Statement: Our lowered ranking (69th out of 1200 schools nationwide) in the Newsweek poll of high schools proves that we are slipping academically. Facts: (a) according to Jay Matthews, the creator of the Newsweek poll, it was never intended to serve as an indicator of overall school quality. Matthews was quoted in 2005: "I rank to get attention, nothing more, in hopes people will then argue about the list and in the process think about the issues it raises." (b) the survey measures only one parameter, ranking public schools according to the ratio of AP or IB tests taken by all students divided by the number of graduating seniors - hardly the tell-all of school quality; (c) the College Board itself, which designs and markets Advanced Placement courses and exams, says that AP exams "should never be used as a sole measure for gauging educational excellence and equity," and calls media rankings that do so "problematic;" (d) many distinguished educators contend that AP and IB testing has no place in education, much less in the ranking of schools; (e) 80 percent of our students get accepted into the top echelon of colleges in the nation according to an outside service; (f) any ranking of schools must also consider the diversity of Manhasset's student population, not so in districts like Jericho and Garden City.
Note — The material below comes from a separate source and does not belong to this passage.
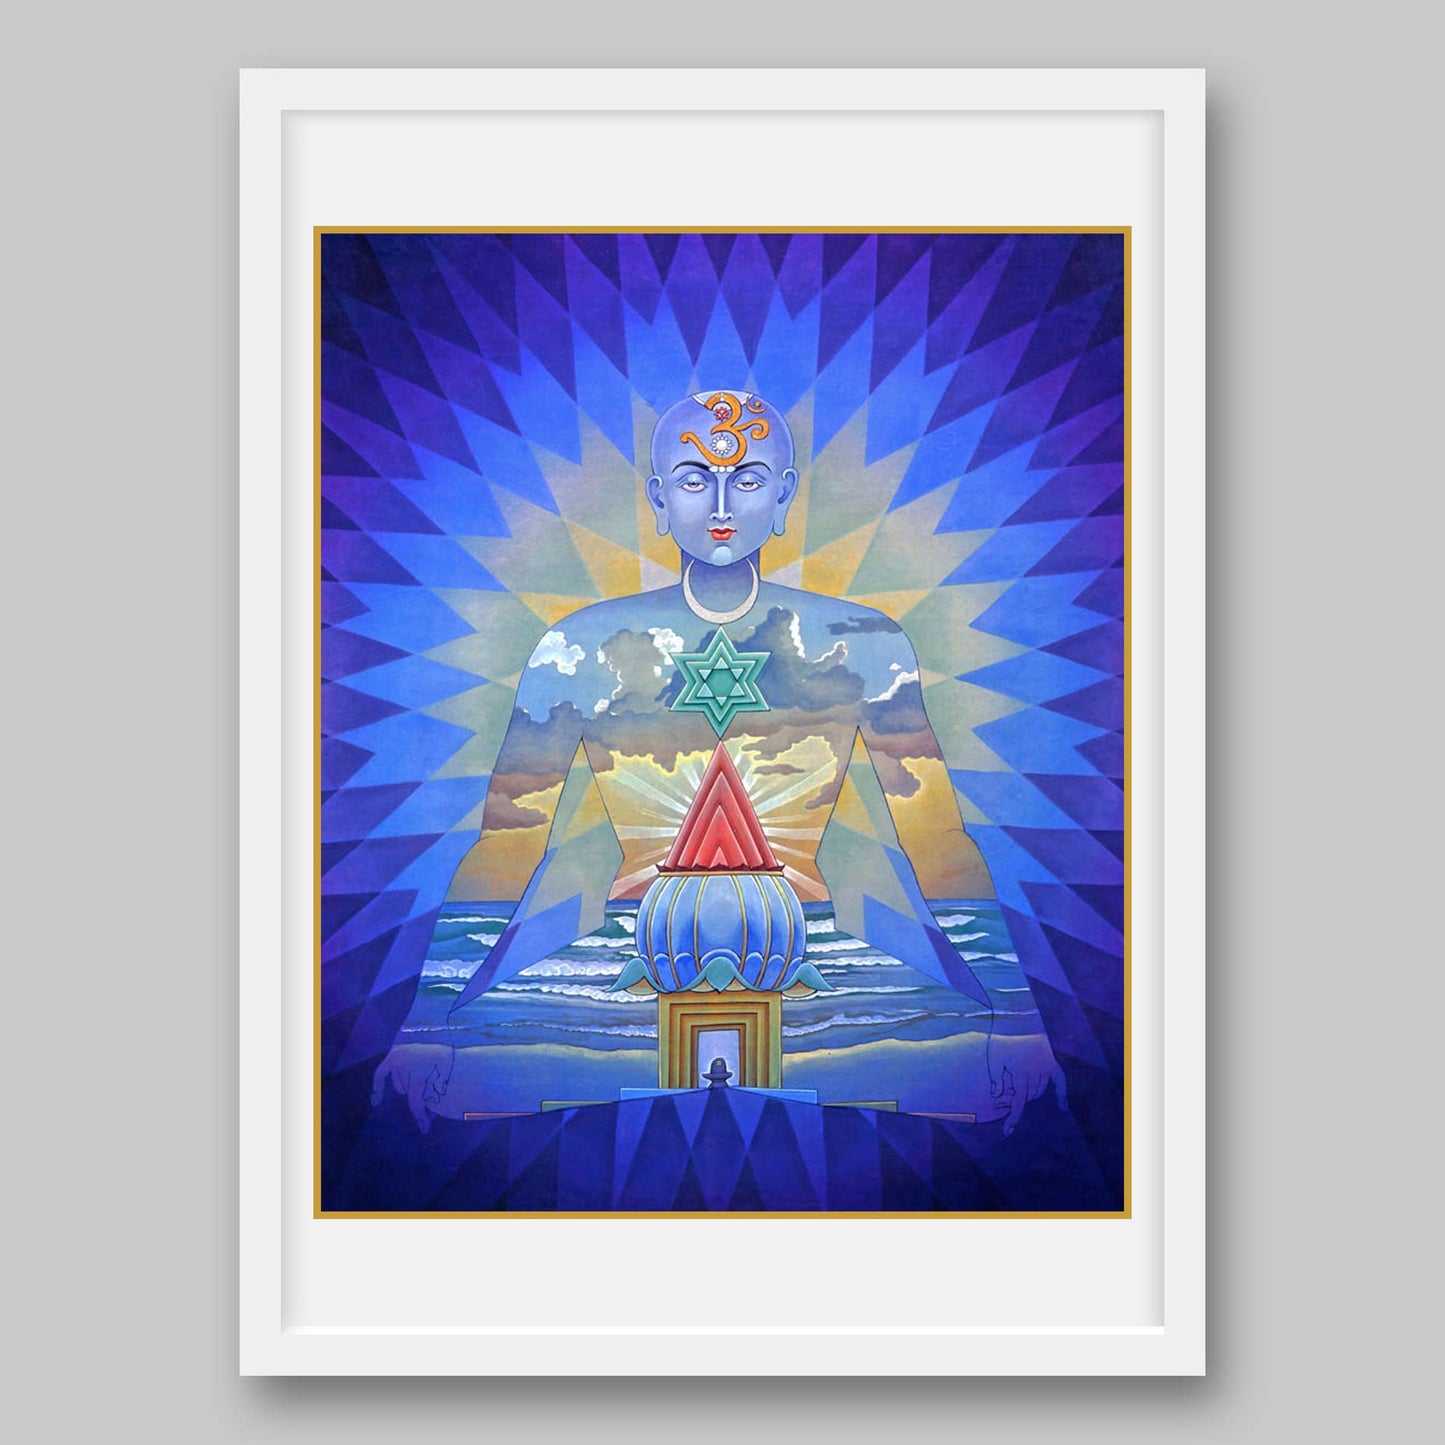 Seven Chakras – High Quality Print of Artwork by Pieter Weltevrede
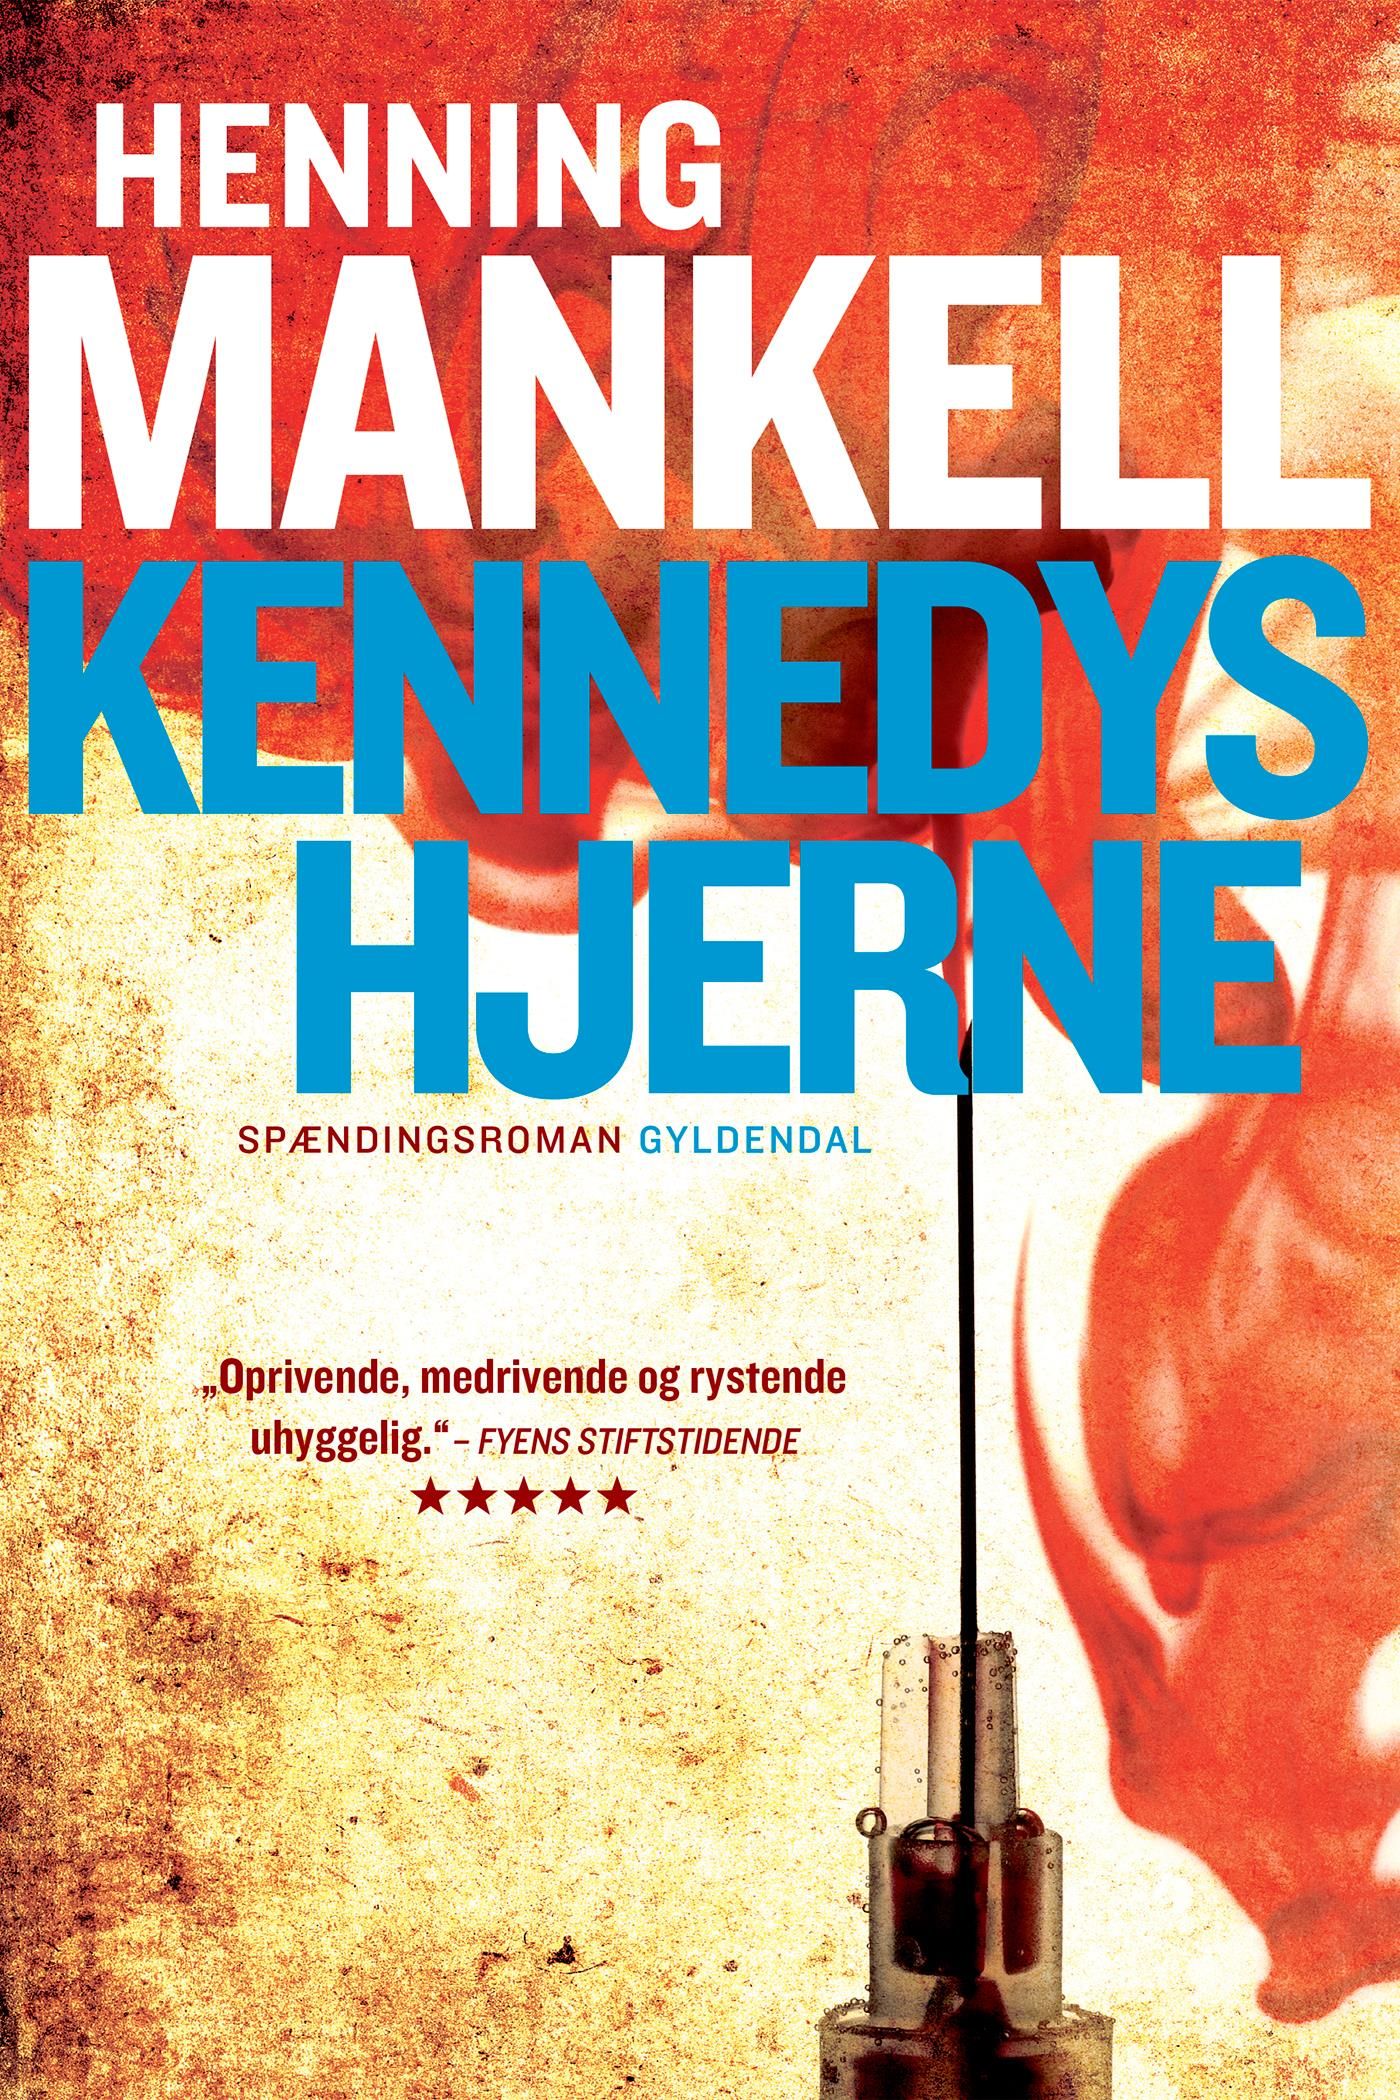 Kennedys hjerne, eBook by Henning Mankell

Statement: Board members have no direct impact on students in the classroom. Facts: Board members play a central role in providing resources, finding administrative leadership, mandating curriculum, determining class size, providing for training and professional development of teachers, assuring that high standards are met by teacher applicants, assuring competent supervision of teachers, providing the physical classroom itself, cutting or adding specific programs, and so forth. Any candidate who really thinks that he or she has no impact in the classroom should drop out of the race now. I would not have served on the BOE for six years if I did not think my efforts bore fruit in the classrooms of our schools, met the needs of the private school students in our district, and did so in the most cost-effective manner possible.